§ DATASET CONTENT:
* * * *

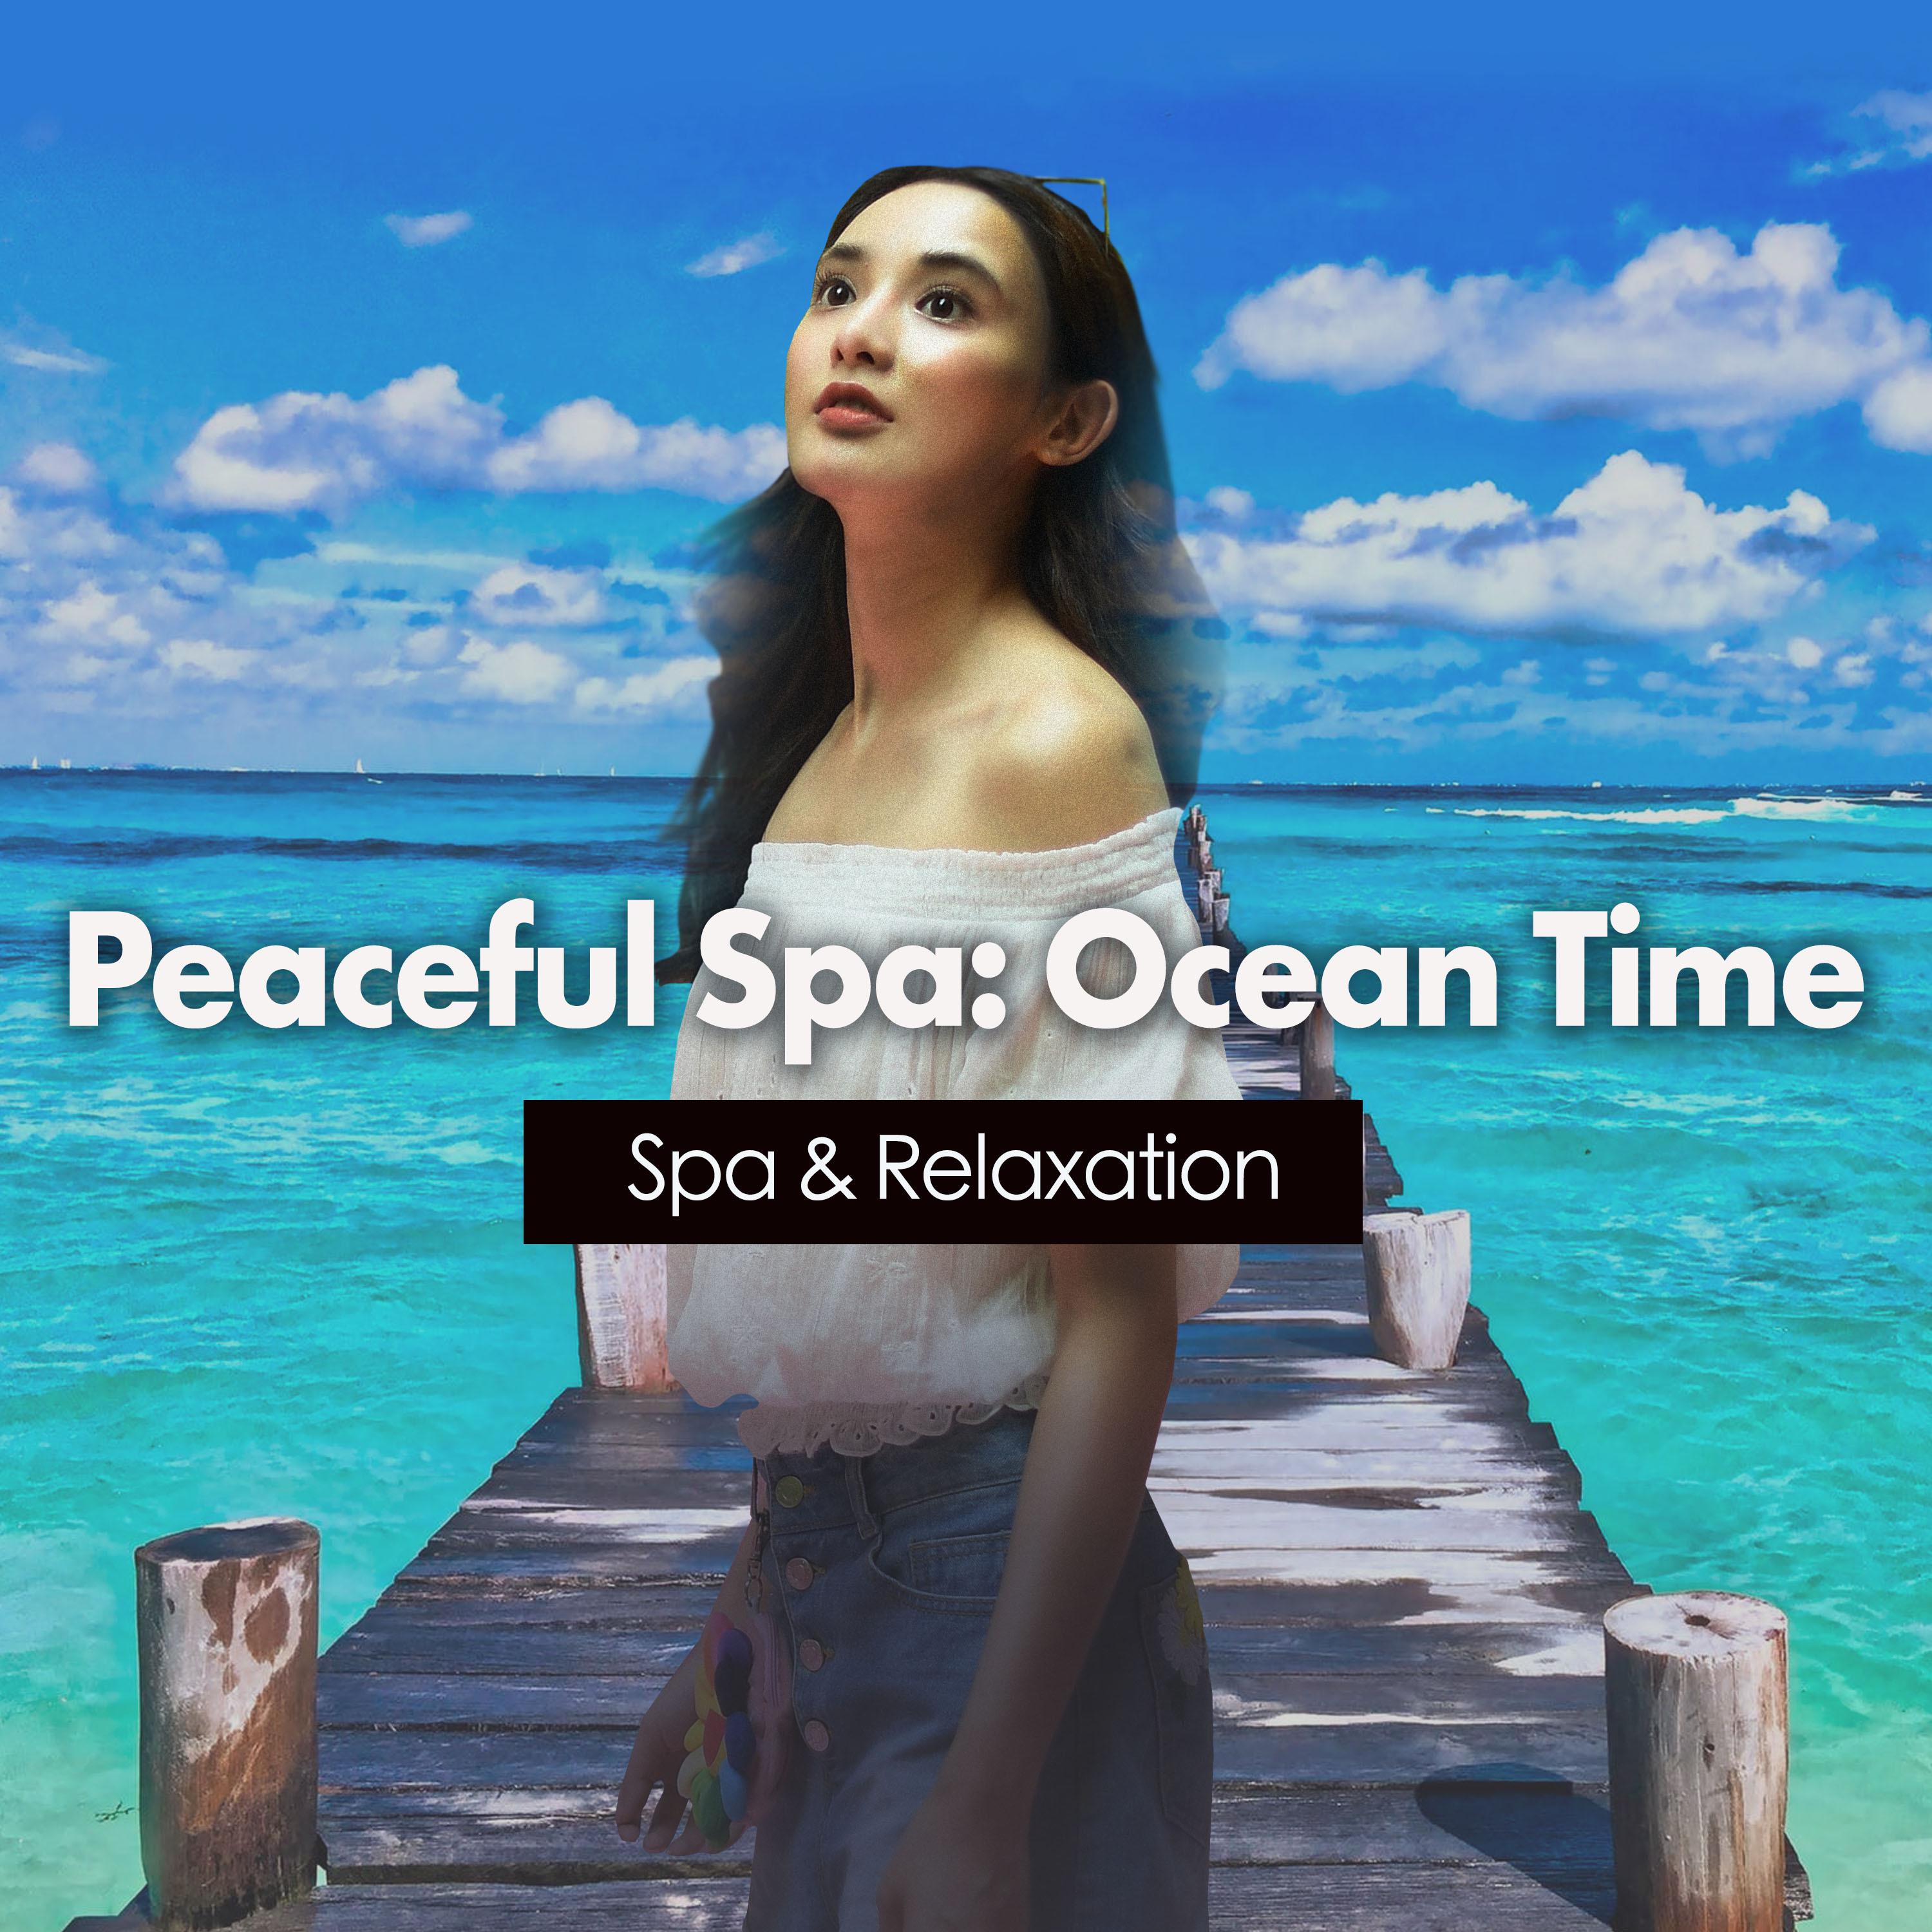 Peaceful Spa: Ocean Time
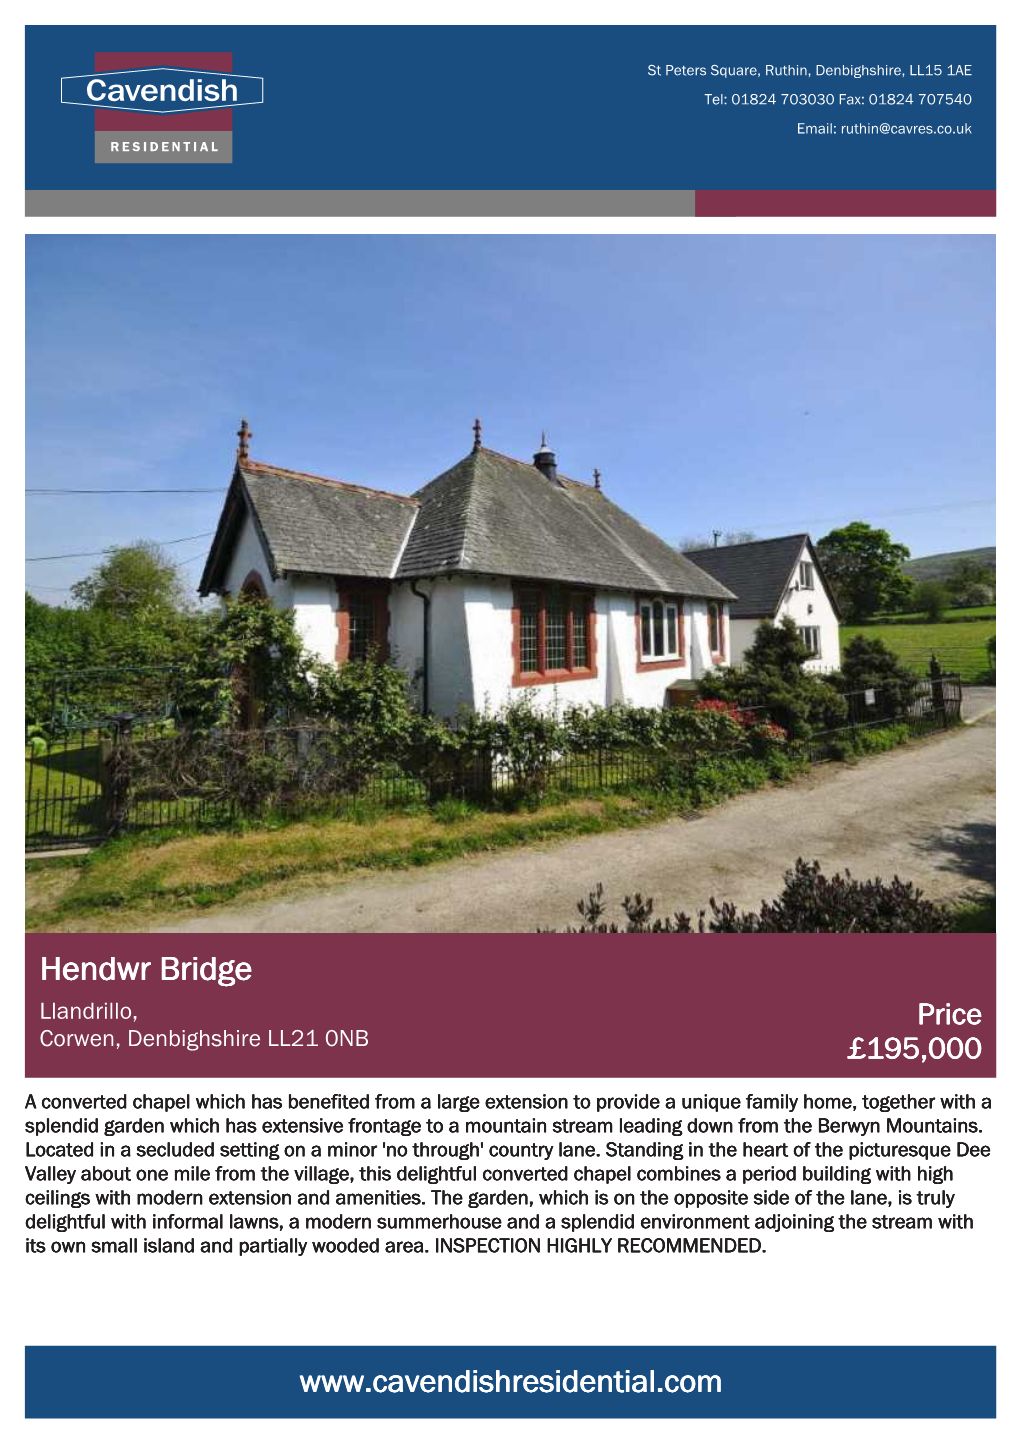 Hendwr Bridge Llandrillo, Price Corwen, Denbighshire LL21 0NB £195,000
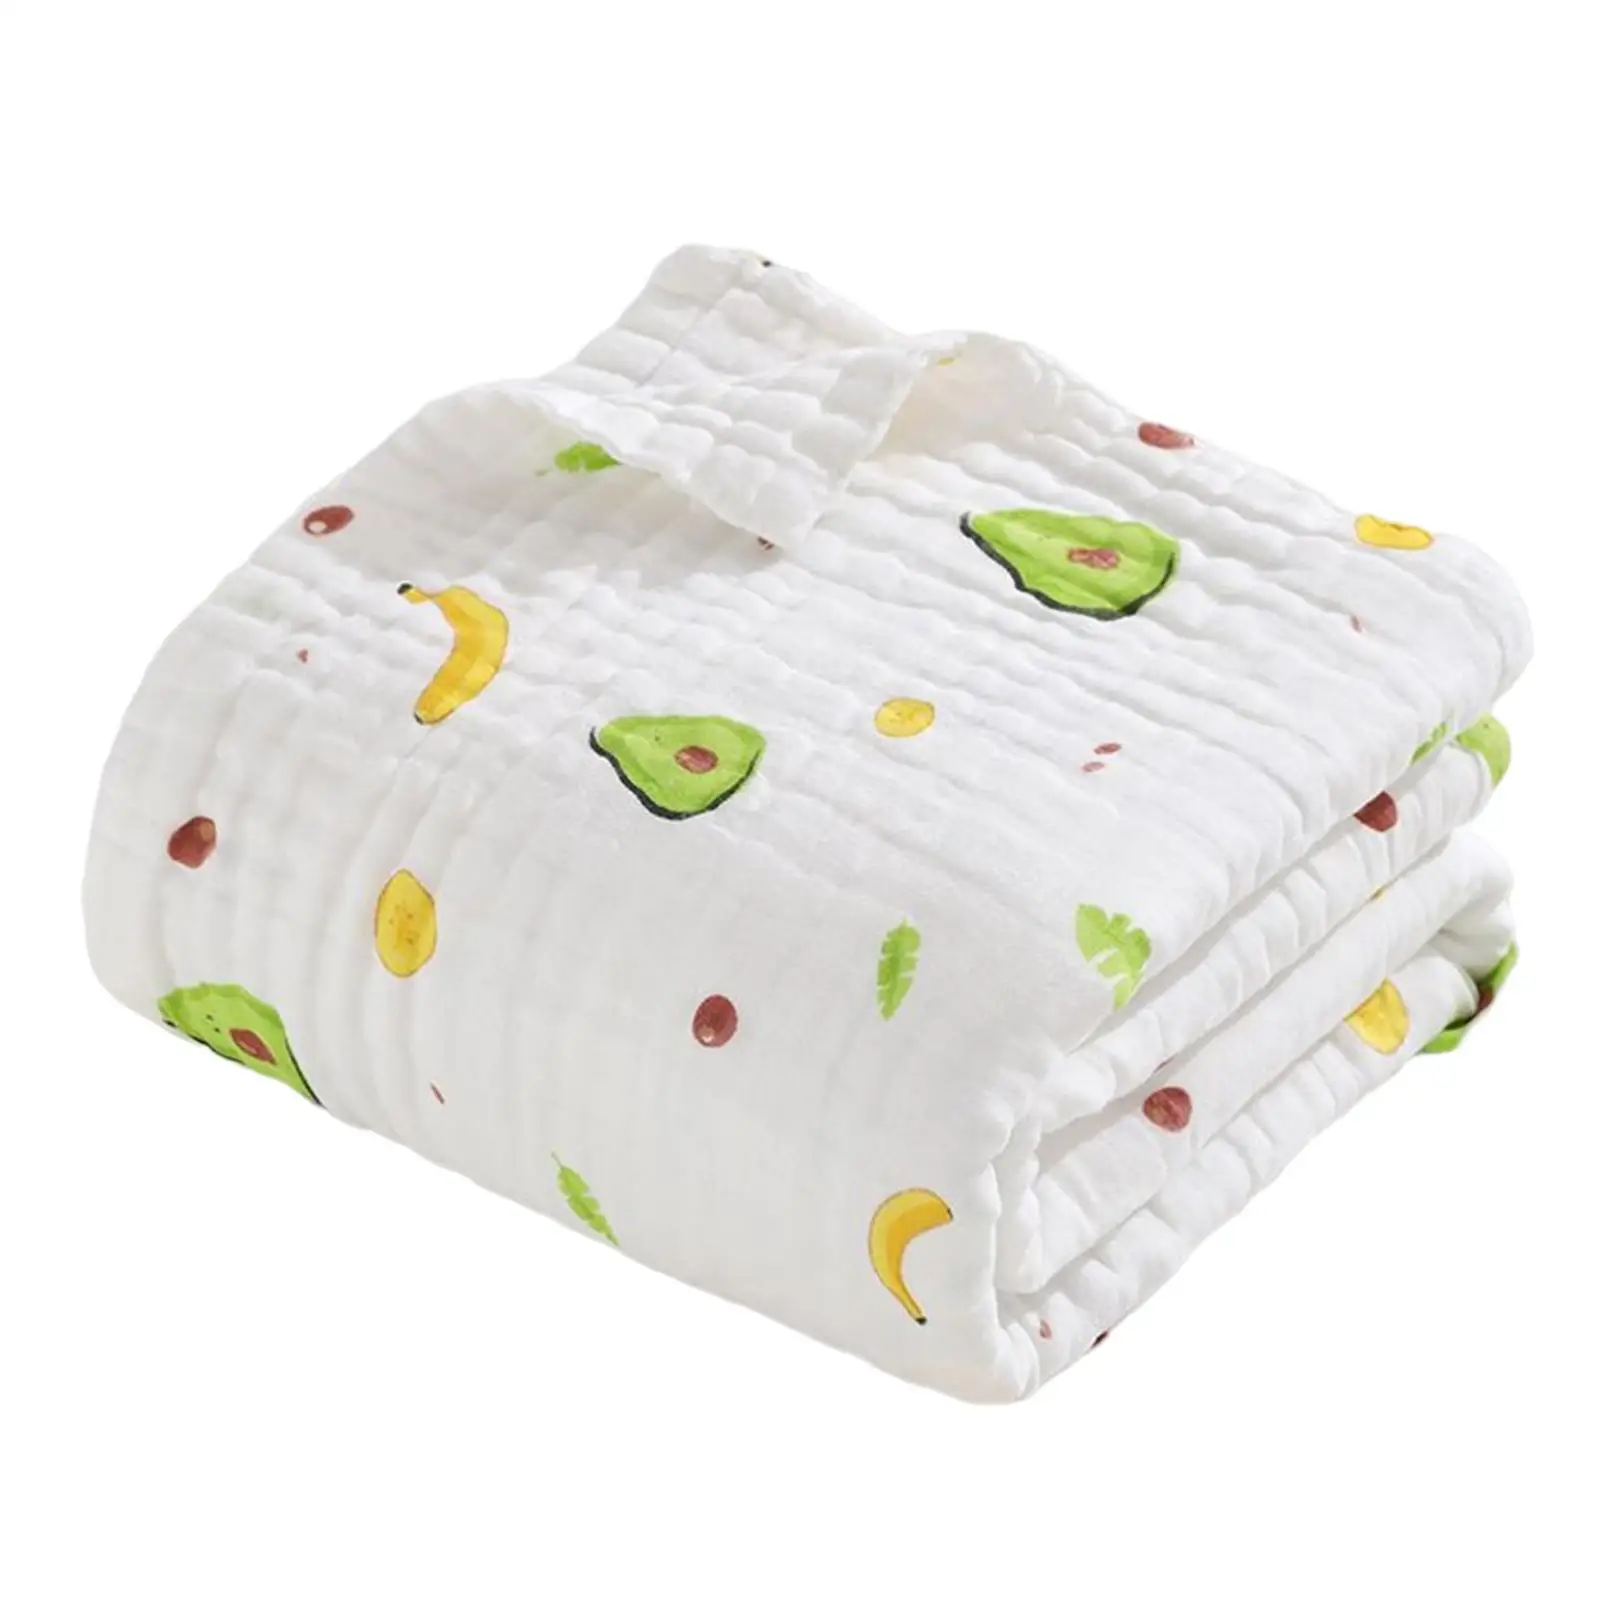 110x110cm bath Towel Gauze cotton Newborn Comfortable Square Infant Bath Sheet Swaddling Child Boys Girls Kids Blanket

* * * *

§ DIRECTIONS FOR THIS TASK:
Would you write out exactly the lines of the data from the one holding "Hendwr Bridge Llandrillo, Price" to the final line, both included, with pictures left out?

§ RESULT OF THIS EXERCISE:
 Hendwr Bridge Llandrillo, Price Corwen, Denbighshire LL21 0NB £195,000
 110x110cm bath Towel Gauze cotton Newborn Comfortable Square Infant Bath Sheet Swaddling Child Boys Girls Kids Blanket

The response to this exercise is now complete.